Data for the task »
.....

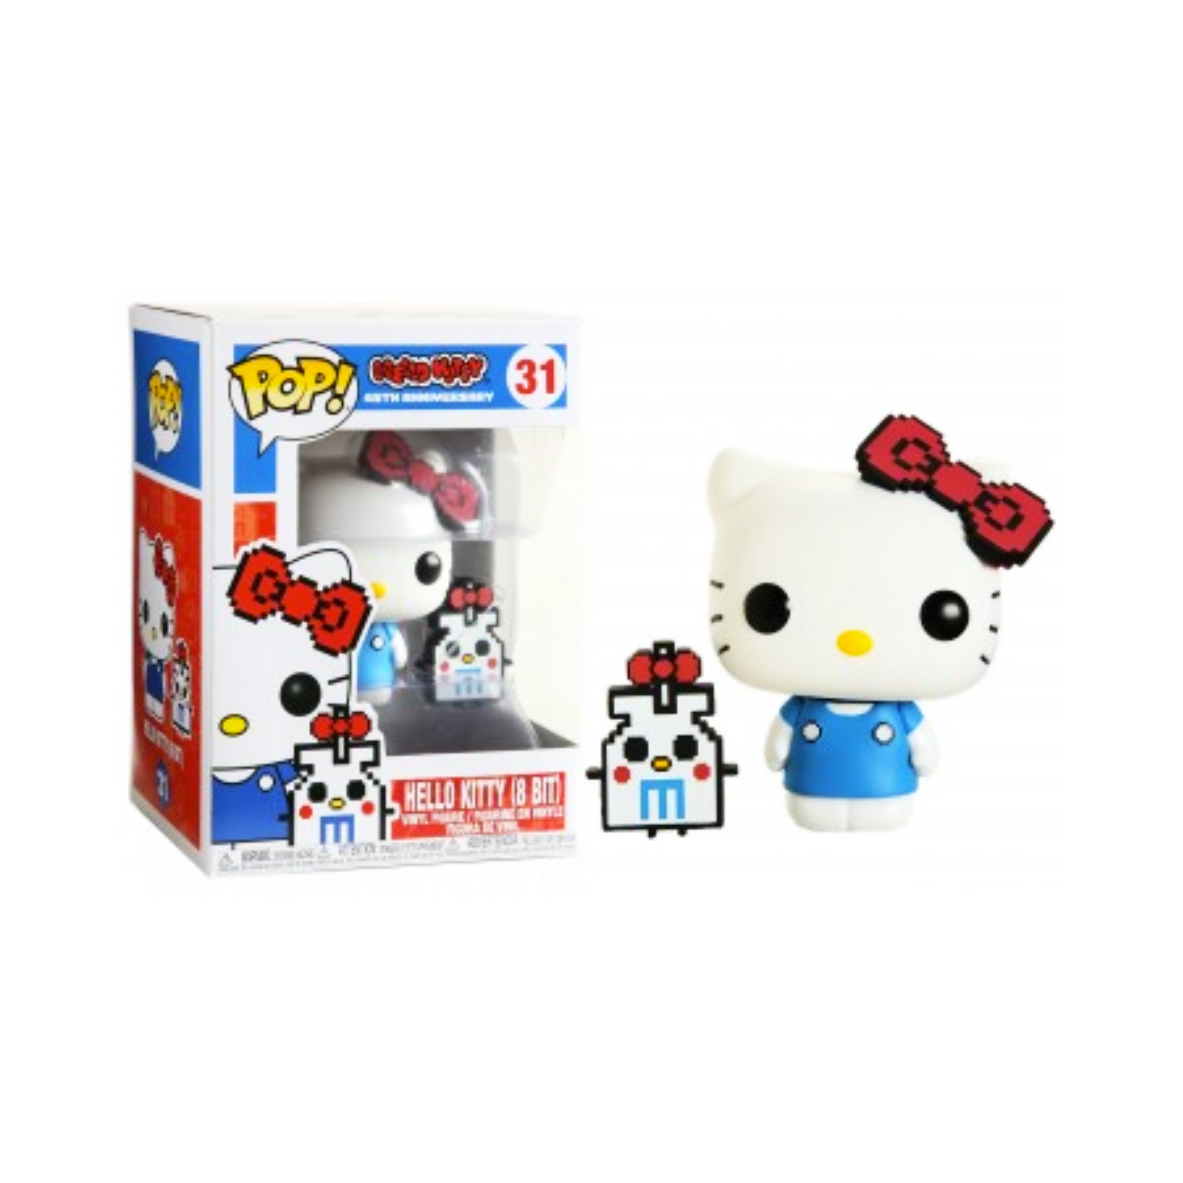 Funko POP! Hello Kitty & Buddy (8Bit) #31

.....

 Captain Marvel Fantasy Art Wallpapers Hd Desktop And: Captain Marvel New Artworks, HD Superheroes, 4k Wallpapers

.....

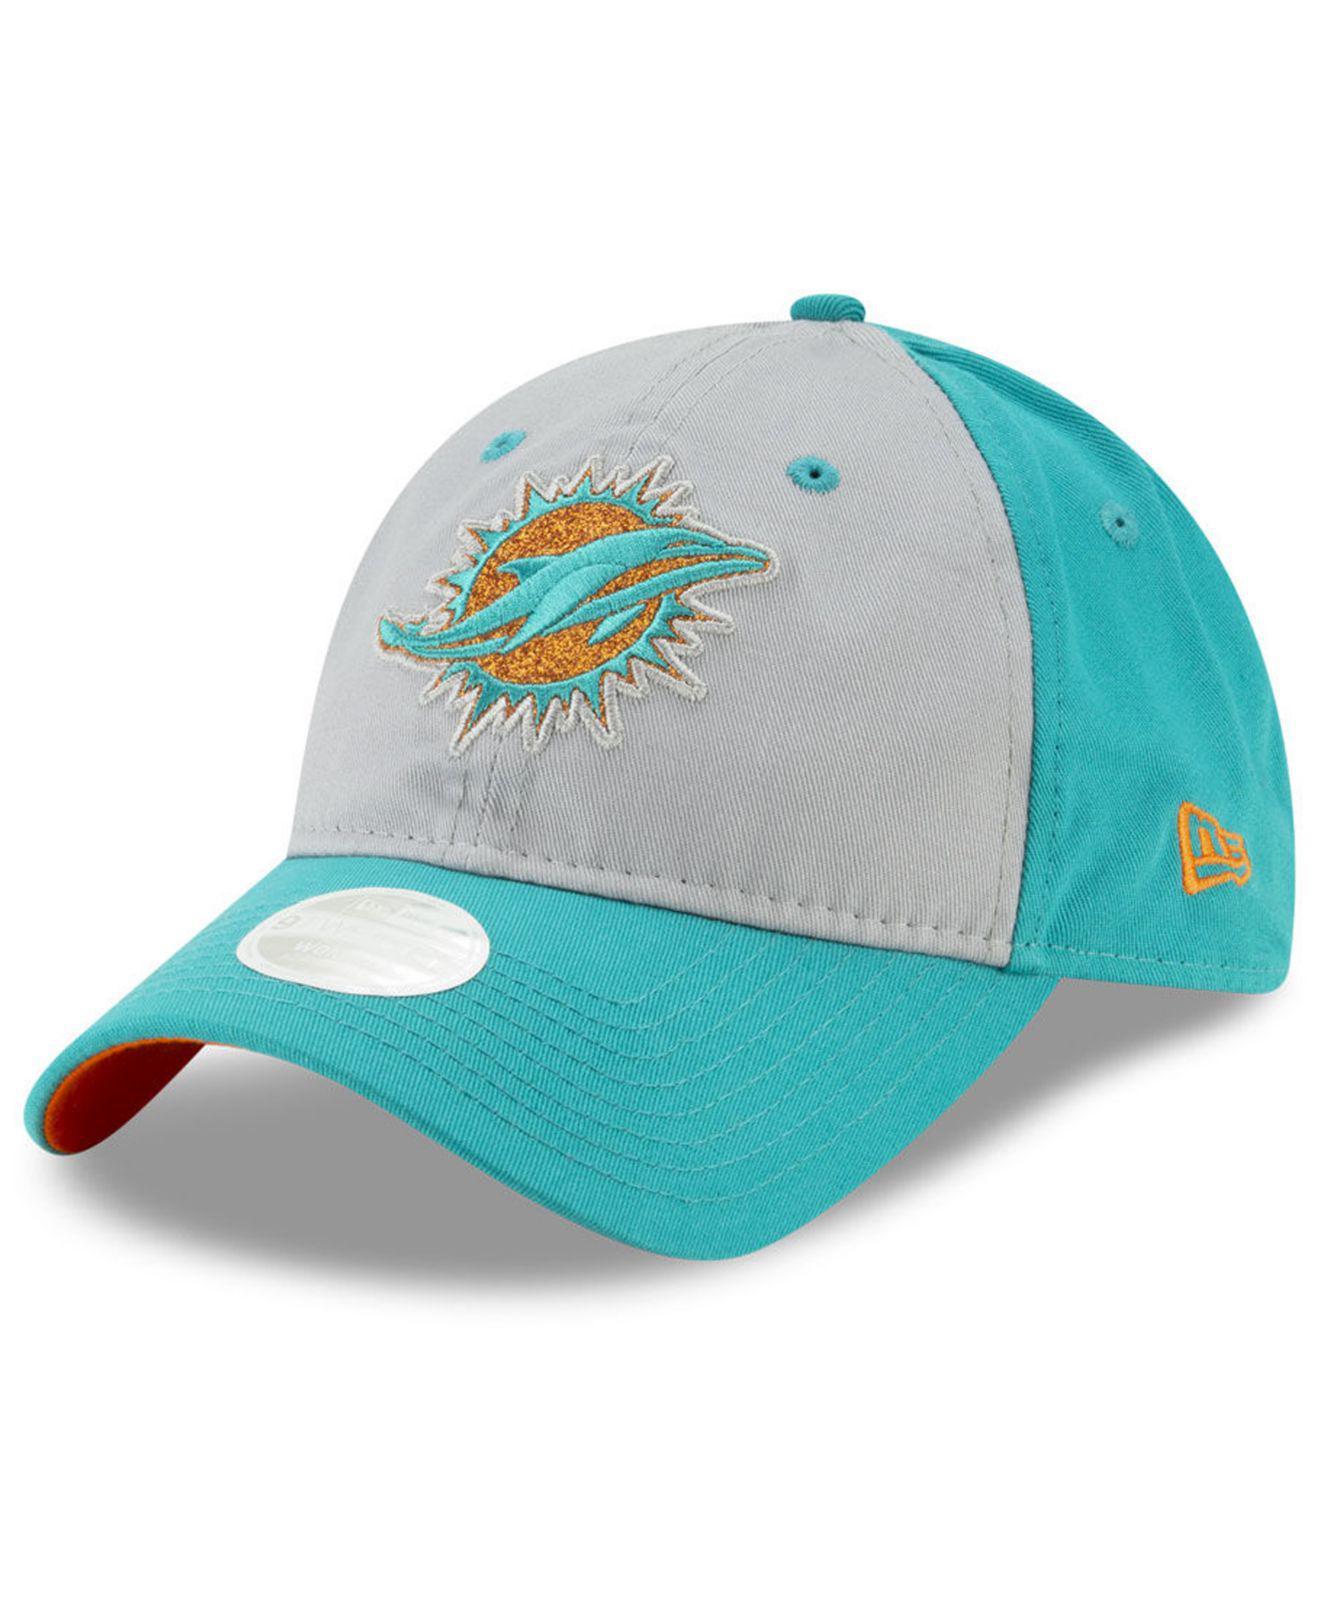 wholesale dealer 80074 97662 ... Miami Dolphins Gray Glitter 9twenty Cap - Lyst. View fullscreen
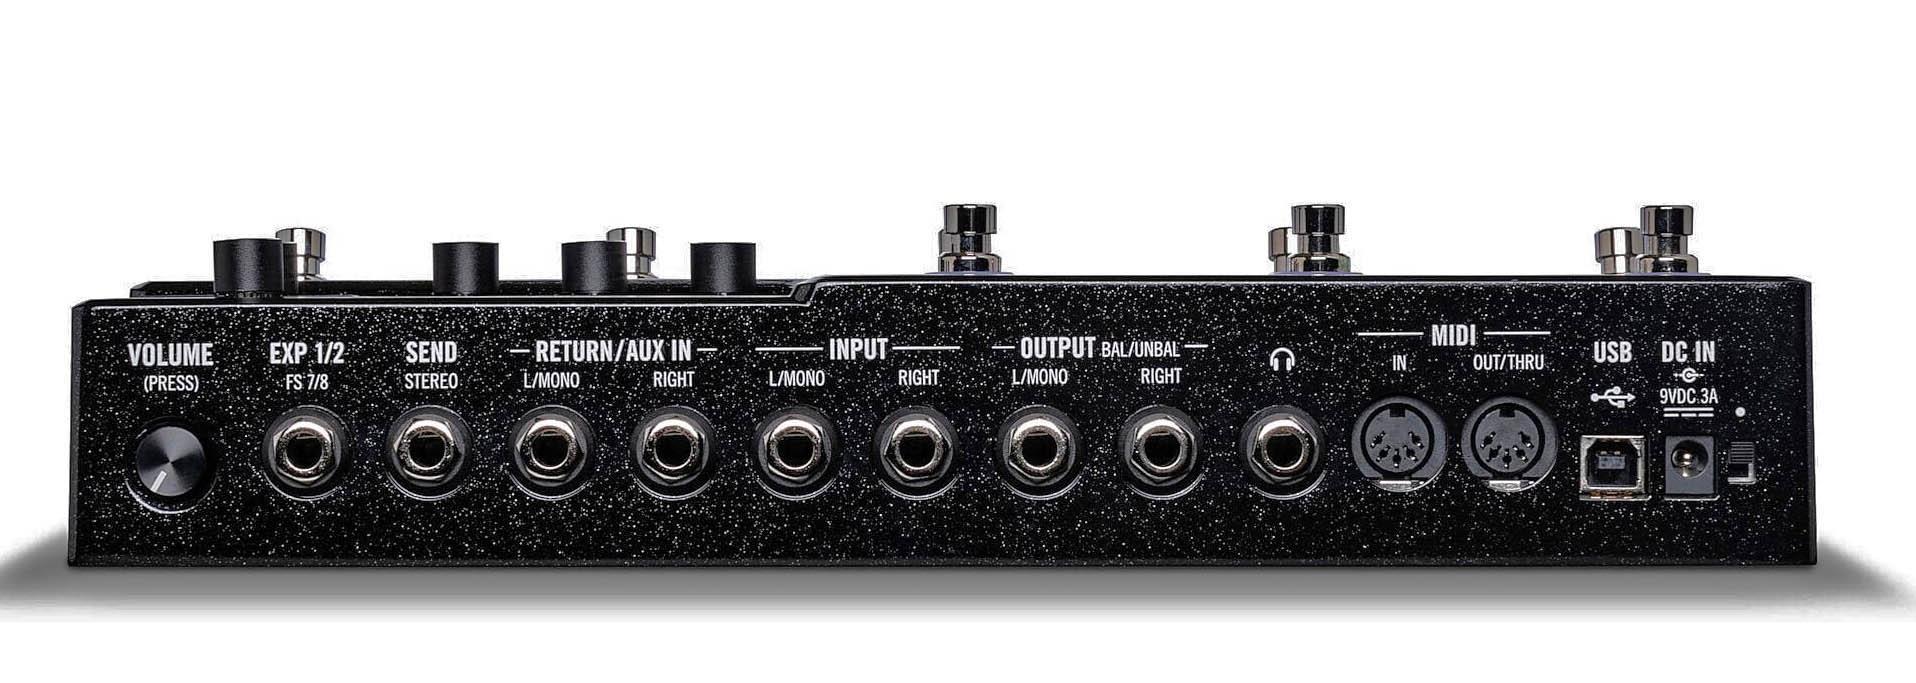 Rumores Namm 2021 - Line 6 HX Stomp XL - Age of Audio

.....

What you will do »
Copy out exactly the material that runs from the line with "wholesale dealer 80074" to the line with "Rumores Namm 2021", ends included, and leave the pictures behind.

Solution »
 wholesale dealer 80074 97662 ... Miami Dolphins Gray Glitter 9twenty Cap - Lyst. View fullscreen
 Rumores Namm 2021 - Line 6 HX Stomp XL - Age of Audio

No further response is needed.